Brides used to be sold (see previous blog entry--thus the reference here.)
Some of my family and friends are concerned about my interest in prostitutes as maybe being not quite, umm, healthy. But, good grief, they’ve been with us for a long time. Shortly after the population increased (post-Garden of Eden), we find reference to “harlots” in the Old Testament.
Sex for sale. Old, old story still being retold today.
We even have a family story about it. My maternal grandmother died when my mother was five, and the family was split up for a while. Then Grandpa married Lily1 (Lily2 was the stuff of horror tales, but Lily 1 was a good guy except for one little thing!)
This was the teeth of the depression in one of the most depressed states even in good times: West Virginia. Grandpa married Lily1 and brought the family back together, and purportedly, she was a good stepmother, keeping the passle of kids clean and fed. But money was always tight. Grandpa worked nights in the mines. And that’s when Lily1 worked, too. Oh, dear. Grandpa divorced her, a really big deal in those times, and the family was dispersed again.
But, I’ve always had sympathy for Lily1. I wish I could have met her because she was clearly a pragmatist.

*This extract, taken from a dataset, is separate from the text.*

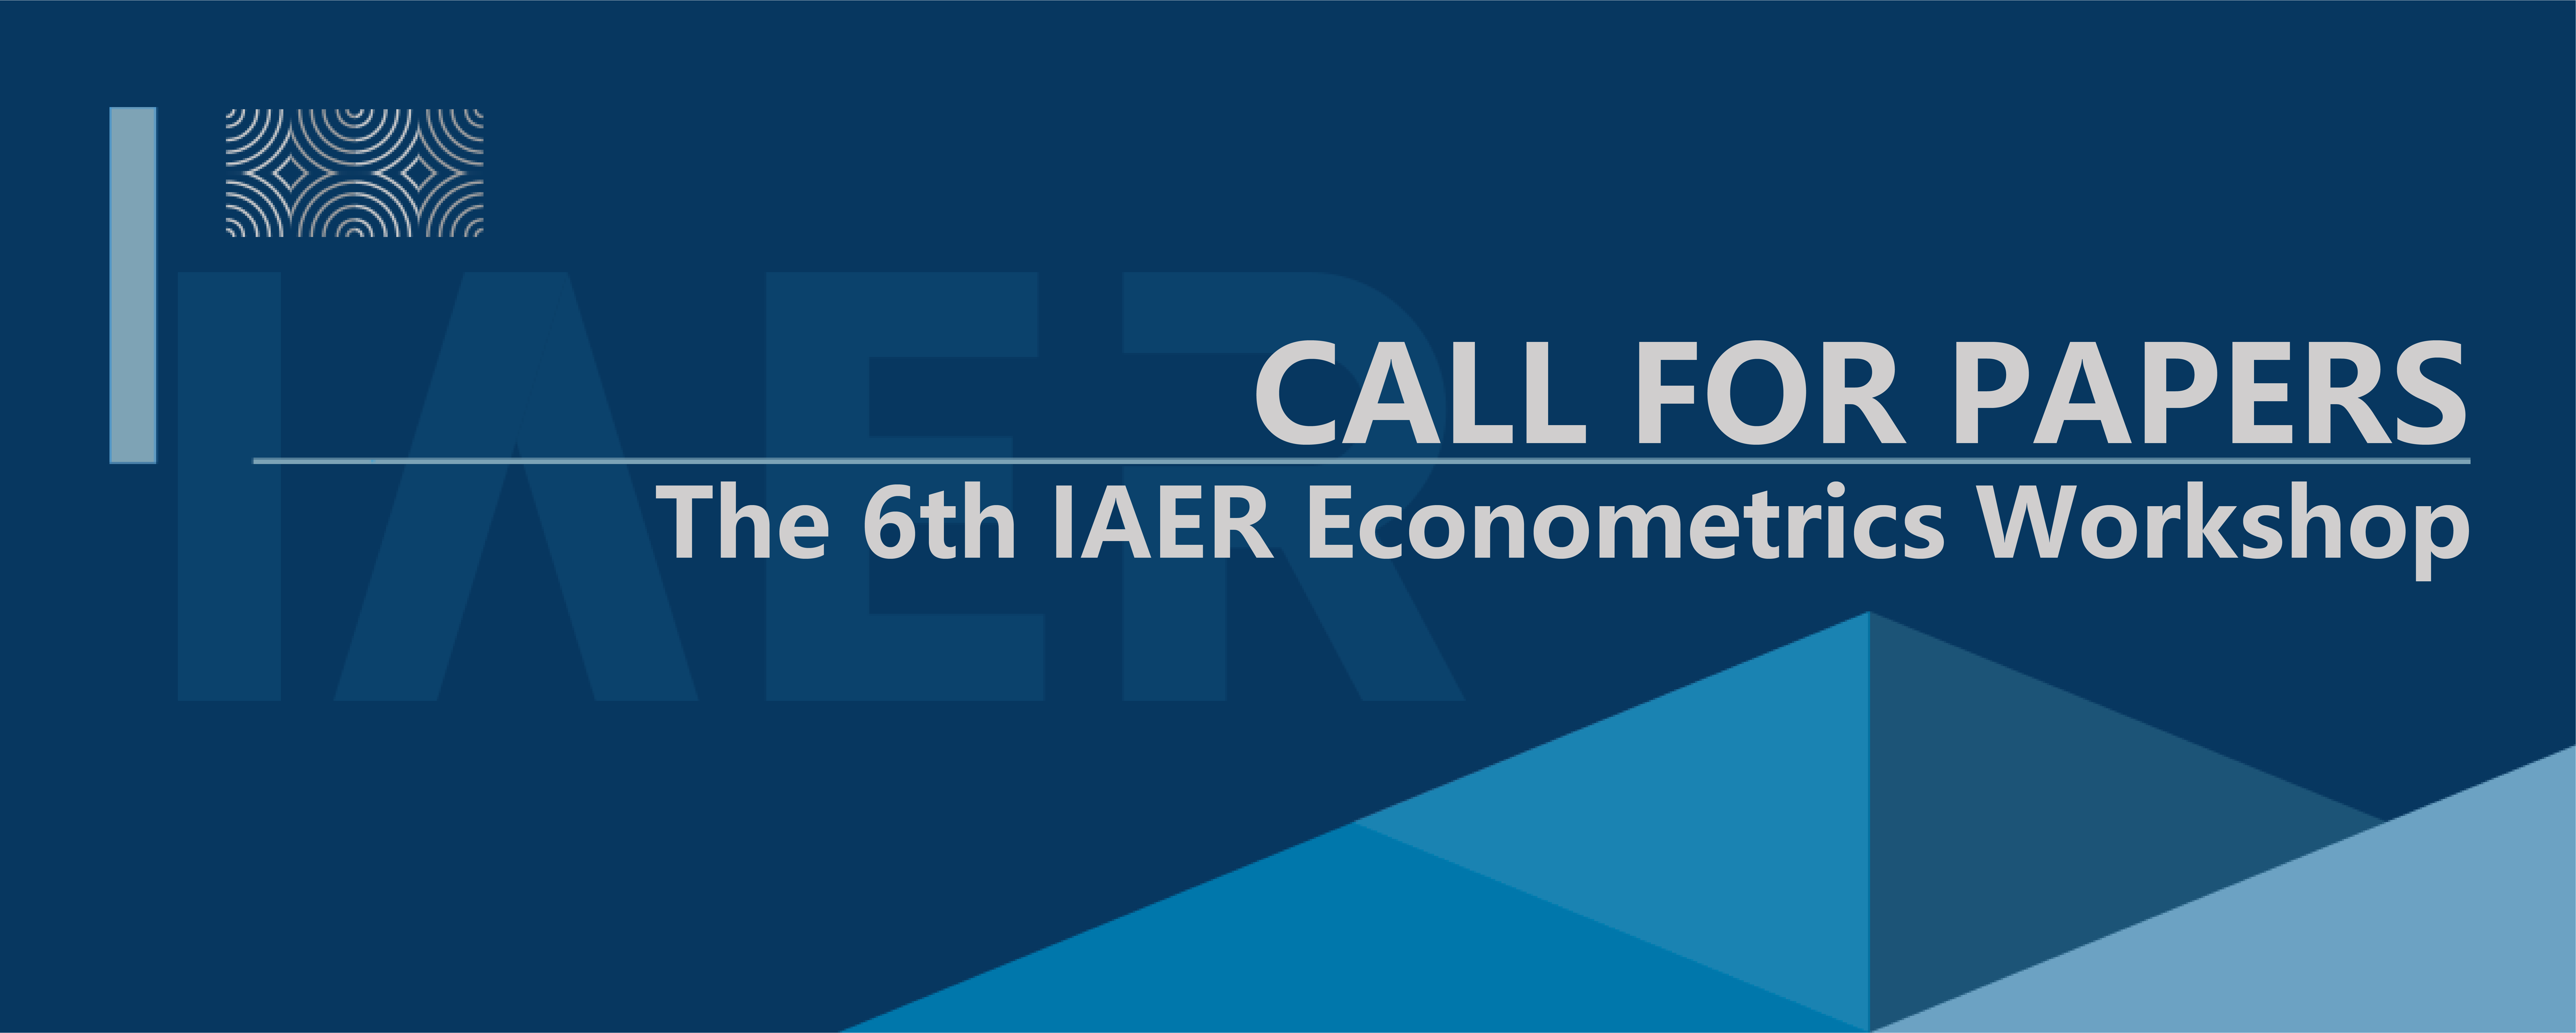 Call for Papers  The 6th IAER Econometrics Workshop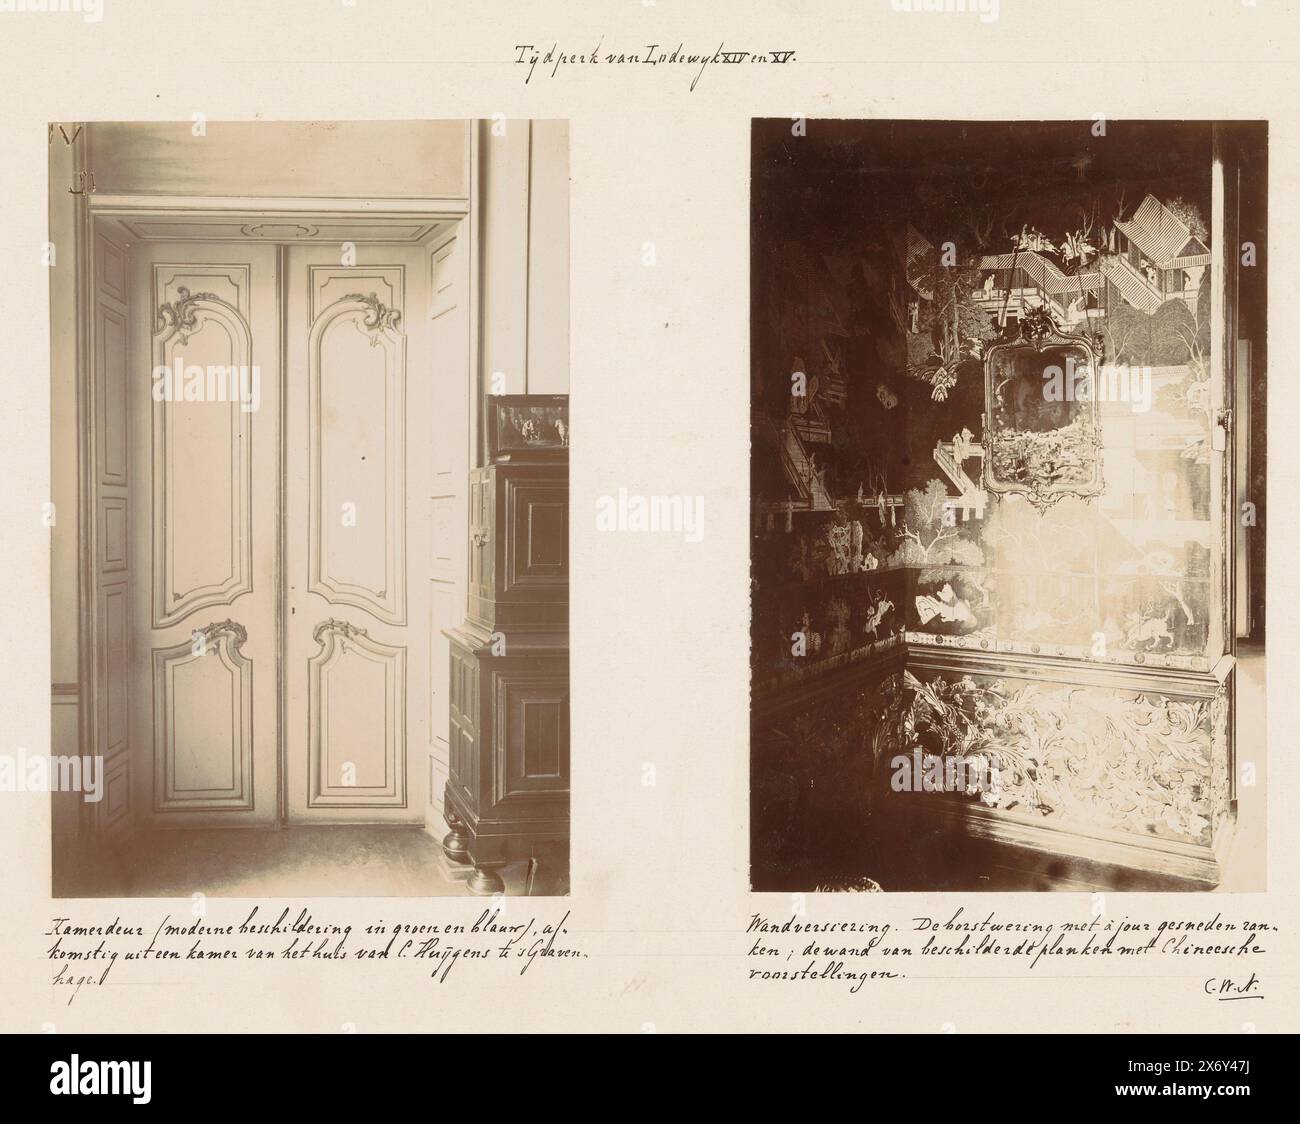 Room door and wall paneling, on the left a room door decorated with a stylized leaf motif, on the right a wall paneling in Chinese lacquer, from the palace of the Frisian governors., photograph, anonymous, Europe, c. 1875 - c. 1900, cardboard, height, 314 mm × width, 446 mm Stock Photo

A girl’s got to do what a girl’s got to do for survival of her new family. I even admire her, but perhaps I shouldn’t go so far.
So when I came across the name of Dolly Arthur (Arthur being my maiden name), I was intrigued. Here was a contemporary of Lily1. And do both sides of my family include sporting women?
Well, I don’t know. I haven’t seen her on any branches of the family tree, but it could be. Even if not true, I’ve done some reading up on old Dolly. For some reason Blogger won't let me upload a picture, but you can Google her. She was quite the looker!
Born in Idaho in 1888 as Thelma Dolly Copeland, Dolly knew she couldn’t make the same money from serving men in a restaurant as she could if she served them relative to their baser tastes. She left Vancouver, where she was working at the time, and headed for Ketchikan, AL in 1919 where she opened her establishment catering to fishermen, loggers, miners, and town residents. Interestingly, at the time, drinking was illegal in Ketchikan but prostitution was not.
Dolly’s place, and Dolly herself, was known for providing companionship, not just sex, in an isolated area with far fewer women than men. And men paid well for both. She charged $2 for each, and she is said to have made $100 a day--a huge amount at that time.
In keeping with the location, Dolly’s house wasn’t an elaborate Victorian affair such as you might equate with San Francisco. Her furnishings were simple and durable rather than ornate.
Dolly had a long-standing relationship with a man who wandered in and out of her life over the course of 26 years. She knew he was unfaithful (wasn’t she?), but she could always count on him coming back. You can still see Dolly’s house at 24 Creek Street, which is now a museum. When she died at age 87 (in 1975), big West Coast papers carried her obituary in tribute to one of the real pioneers of the Pacific Northwest. She was quite a gal. And not that much older than Lily1. Circumstances and location make all the difference.
Is this fascination with prostitutes was where Streetwalker came from? Could be. Could be.